En primer lugar si estamos muy activados, tanto sea emocionalmente porque hay acontecimientos que nos están afectando o porque estamos inmersos en una dinámica de prisa, por ejemplo debido al trabajo, es casi imposible escuchar.

En segundo lugar porque el procesamiento emocional es más lento que el racional, se necesita pausa para darse cuenta de qué es lo que estamos sintiendo. Por eso hacemos silencios cuando hablamos conectados con nosotros mismos, si ese silencio se interrumpe el proceso y nuestra atención se va hacia la interrupción. Es decir la otra persona necesita que no la interrumpamos cuando está elaborando sus emociones.
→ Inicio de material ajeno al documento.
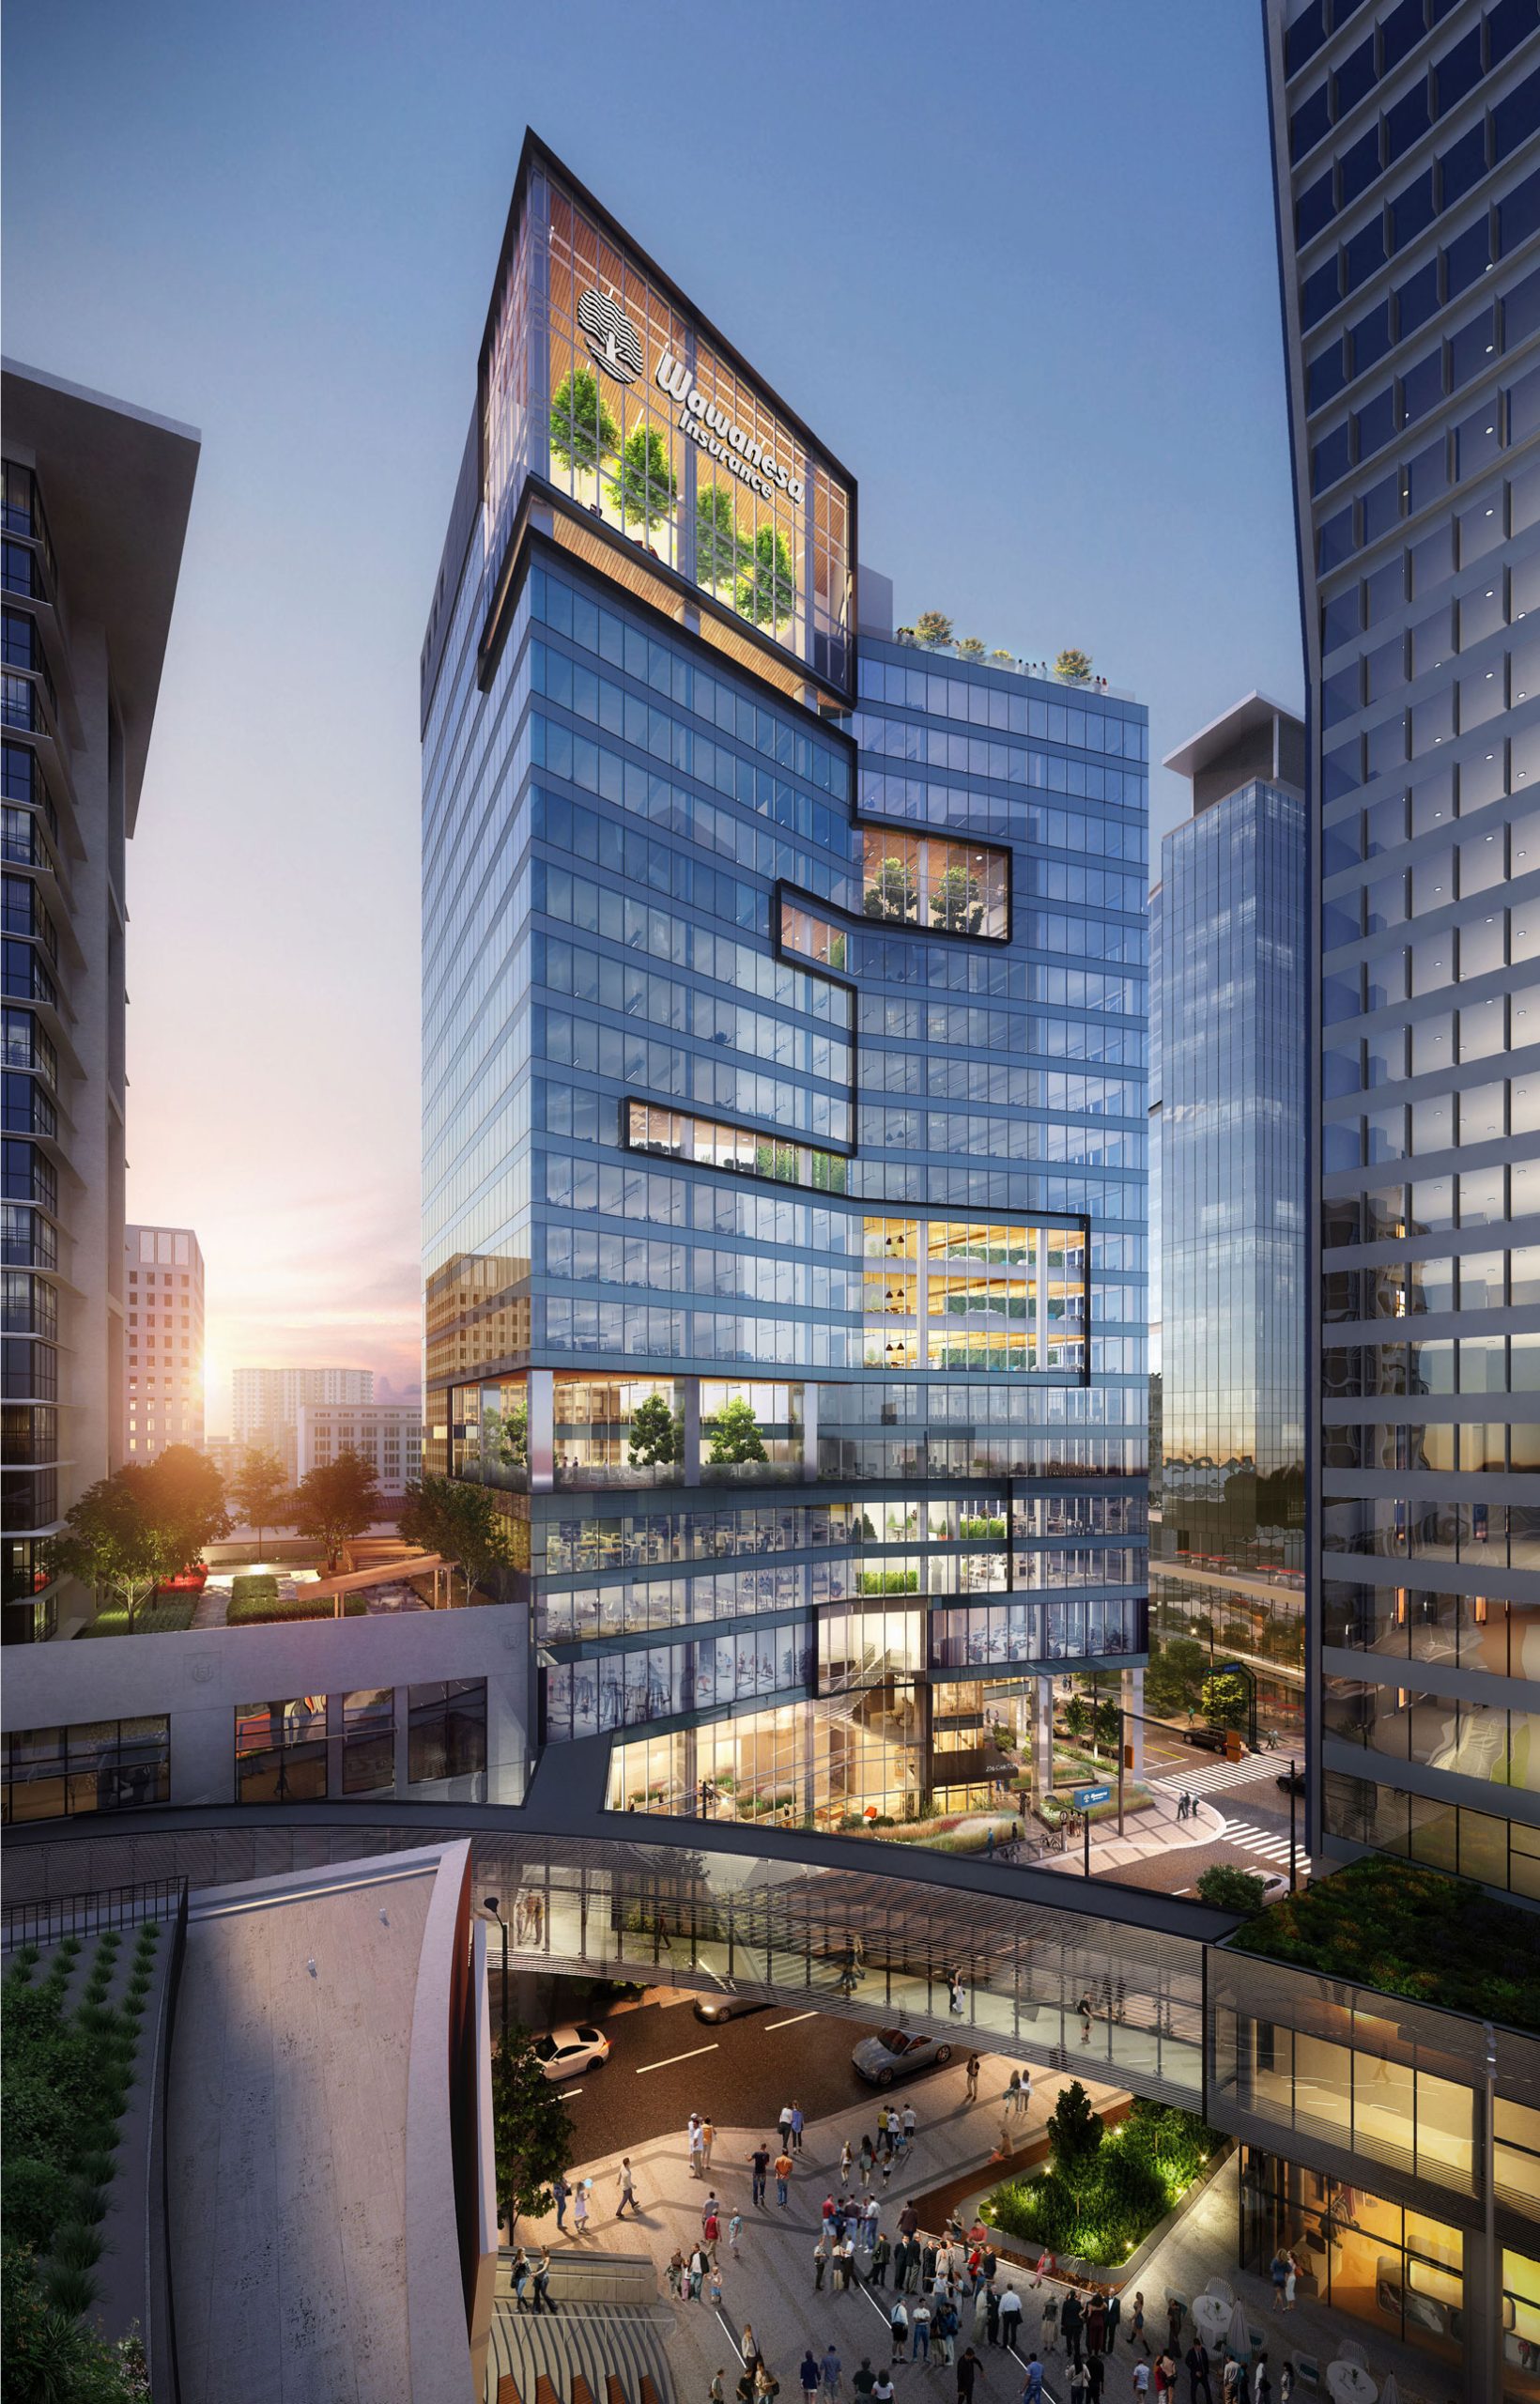 Wawanesa Mutual Insurance Company’s new building in downtown Winnipeg, Manitoba, will unite a company and create opportunity in the city’s downtown core.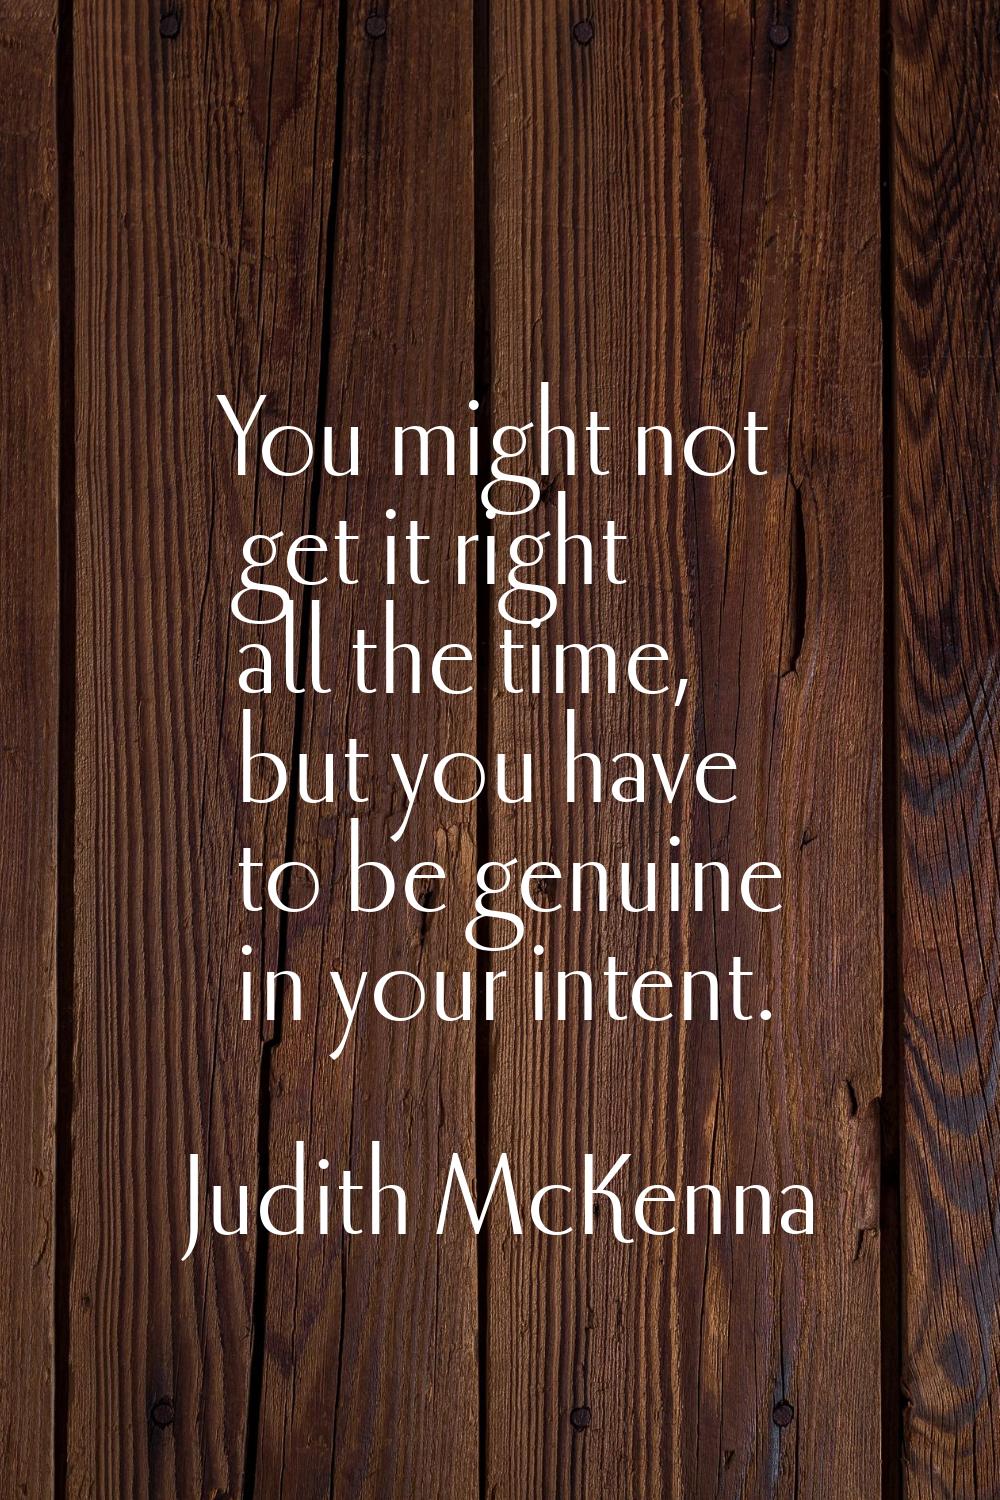 You might not get it right all the time, but you have to be genuine in your intent.

Hay un tercer elemento: Normalmente estamos educados a intervenir, nos parece casi un elemento de educación acudir en auxilio de alguien que parece haberse quedado sin palabras. Nos ponemos nerviosos ante el silencio. Hay que conocerse y trabajarse esos nervios, esa intranquilidad para dejar su espacio a los demás, que no se sientan urgidos a contestar, que puedan tomarse su tiempo para contestar. Esto solo redundará en que la conversación se hará más profunda.

Por eso desde el punto de vista práctico me atrevo a dar 3 indicaciones para hacer el silencio dentro de nosotros y poder escuchar a otra persona:

  1. Antes de comenzar una conversación en la que queremos escuchar de verdad, dedicar un momento de tiempo a relajarnos, a parar nuestra propia actividad, tanto interna como externa, como una pequeña cámara de descompresión emocional. Normalmente basta con tomar unas cuantas respiraciones tomando conciencia de la respiración.
  2. Dejar hablar… no anticiparnos y poner nuestras palabras. En este caso nuestros pensamientos se anticipan al otro y no escuchamos. Sencillamente no estar pendiente de contestar, de rebuscar en nuestra cabeza la respuesta o el consejo. La escucha es el momento del otro, no de nuestros consejos, ni de nuestras ideas, ya llegará ese momento si es necesario.
  3. Esperar, aguantar el silencio, cuando la persona no contesta inmediatamente, otorgar un tiempo de silencio reprimiendo la propia necesidad de una respuesta. El silencio pone ante la necesidad de contestar. Es necesario entrenar este punto.